There are also some host addresses reserved for special use. In all network classes, host number 0 and 255 are reserved. An IP address with all host bits set to zero identifies the network itself. Addresses in this form are used in routing table listings to refer to entire networks. An IP address with all bits set to one is a broadcast address (is used to simultaneously address every host on a network). A datagram sent to this address is delivered to every individual host on that network.
IP uses the network portion of the address to route the datagram between networks. The full address, including the host information, is used to make final delivery when the datagram reaches the destination network.
Figure 88 shows host communication on a local network.
The standard structure of an IP address can be locally modified by using host address bits as additional network address bits. Essentially, the dividing line between network address bits and host bits is moved, creating additional networks, but reducing the maximum number of hosts that can belong to each network. These newly designed network bits define a network within the larger network, called a subnet. Subnetting allows decentralised management of host addressing. With the standard addressing scheme, a single administrator is responsible for managing host addresses for the entire network. By subnetting, the administrator can delegate address assignment to smaller organisations within the overall organisation.
Subnetting can also be used to overcome hardware differences and distance limitations. IP routers can link dissimilar physical networks together, but only if each physical network has its own unique network address. Subnetting divides a single network address into many unique subnet addresses, so that each physical network can have its own unique address.
Figure 89 shows IP addresses with and without subnetting.
A subnet is defined by applying a bitmask, the subnetmask, to the IP address. If a bit is on the mask, that equivalent bit in the address is interpreted as a network bit. If the bit in the mask is off, the bit belongs to the host part of the address. The subnet is only known locally. To the rest of the Internet, the address is still interpreted as a standard IP address.
Figure 90 shows host communication with subnetting.
As networks grow in size, so does the traffic imposed on the wire, which in turn impacts the overall network performance, including responses. To alleviate such a degradation, network specialist resort to breaking the network into multiple networks that are interconnected by specialised devices, including routers, bridges, and switches.
The routing approach calls on the implementation of various co-operative processes, in both routers and workstations, whose main concern is to allow for the intelligent delivery of data to its ultimate destination. Data exchange can take place between any workstation, whether or not both belong to the same network.
Figure 91 shows a view of routing.
Figure 91 emphasises that the underlying physical networks that a datagram travels through may be different and even incompatible. Host A1 on the Token Ring network routes the datagram through gateway G1, to reach host B1 on the Ethernet. Gateway G1 forwards the data through the X.25 network to gateway G2, for delivery to B1. The datagram traverses three physical different networks, but eventually arrives intact at B1.
A good place to start when discussing routers is with a through discussion of the addresses, including MAC addresses, network addresses, and the complete addresses.
The Routing Table:
To perform its function reliably, the routing process is equipped with the capability to maintain a road map depicting the entire internetwork of which it is part.
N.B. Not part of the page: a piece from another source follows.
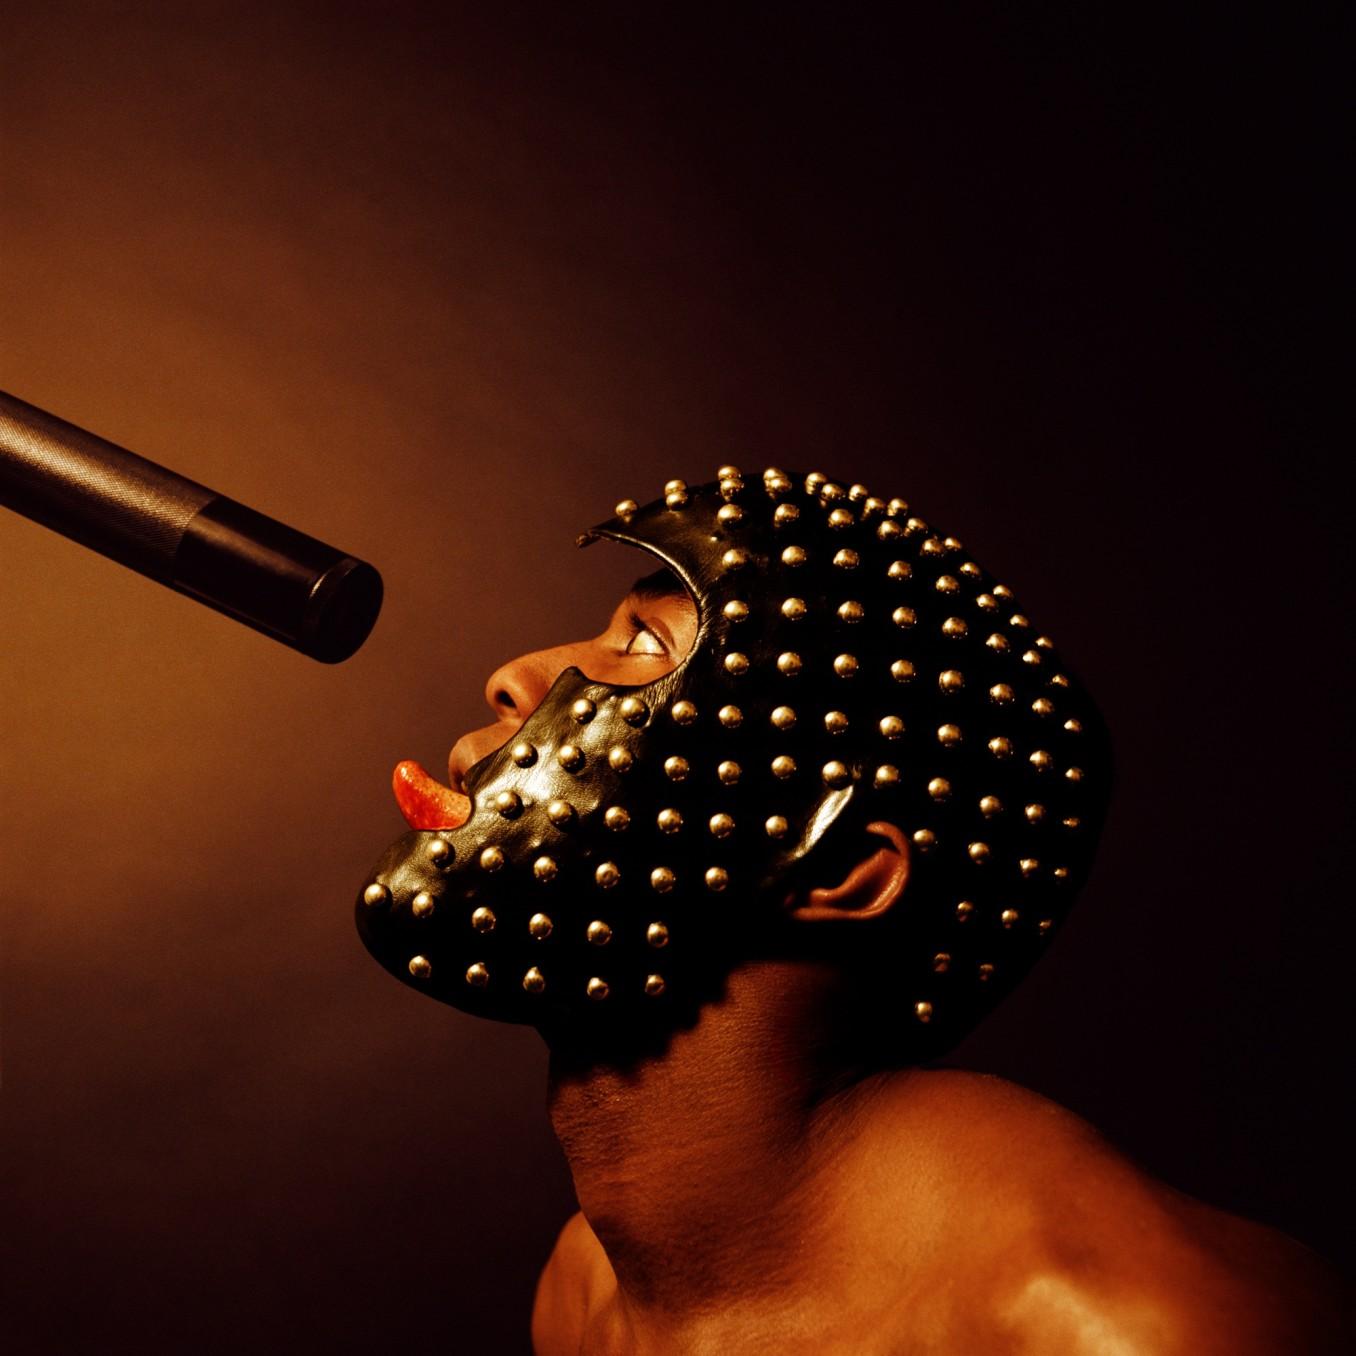 Rotimi Fani Kayode, Untitled Bodies Of Experience, 1989

This road map is commonly referred to as the routing table, and it includes routing information depicting every known network is, and how it can be reached. The routing process builds and maintains the routing table by employing a route discovery process known as the Routing Information Protocol (RIP).
Routers should be capable of selecting the shortest path connecting two networks. Routers discover the road map of the internetwork by dynamically exchanging routing information among themselves or by being statically configured by network installers, or both. The dynamic exchange of routing information is handled by yet another process besides the routing process itself. In the case of TCP/IP, IP handles the routing process, whereas RIP handles the route discovery process.
Internet Routing Architecture:
When a hierarchical structure is used, routing information about all of the networks in the internet is passed into the core gateway (a central delivery medium to carry long distance traffic). The core gateway process this information, and then exchange it among themselves using the Gateway-to-Gateway Protocol (GGP). The processed routing information is then passed back out to the external gateways.
Figure 92 shows the Internet Routing Architecture.
Outside of the Internet Core are groups of independent networks called Autonomous Systems (AS), it is a collection of networks and gateways with its own internal mechanism for collection routing information and passing it to other network systems.
The Routing Table:
Gateways route data between networks, but all network devices, hosts as well as gateways, must make routing decisions.
For most hosts, the routing decisions are simple:
If the destination is on the local network, the data is delivered to the destination host.
If the destination is on the remote network, the data is forwarded to a local gateway.
Because routing is network oriented, IP makes routing decisions based on the network portion of the address. The IP module determines the network part of the destination's IP address by checking the high-order bits of the address to determine the address class. The address class determines the portion of the address that IP uses to identify the network. If the destination network is the local network, the local subnet mask is applied to the destination address.
After determining the destination network, the IP module looks up the network in the local routing table. Packets are routed toward their destination as directed by the routing table. The routing table may be built by the system administrator or by routing protocols, but the end result is the same, IP routing decisions are simple table look-ups.
Figure 93 shows a flowchart depiction of the IP routing algorithm.
You can display the routing table's contents with the netstat -r command.
The netstat command displays a routing table containing the following fields:
Destination : The destination network or host.
Gateway : The gateway to use to reach the specified destination.
Flags : The flags describe certain characteristics of this route.
U: Indicates that the route is up and operational.
H: Indicates this is a route to a specific host.
G: Means the route uses a gateway.
D: Means that this route was adds because of an ICMP redirect.
Refcnt : Shows the number of times the route has been referenced to establish a connection.
Use : Shows the number of packets transmitted via this route.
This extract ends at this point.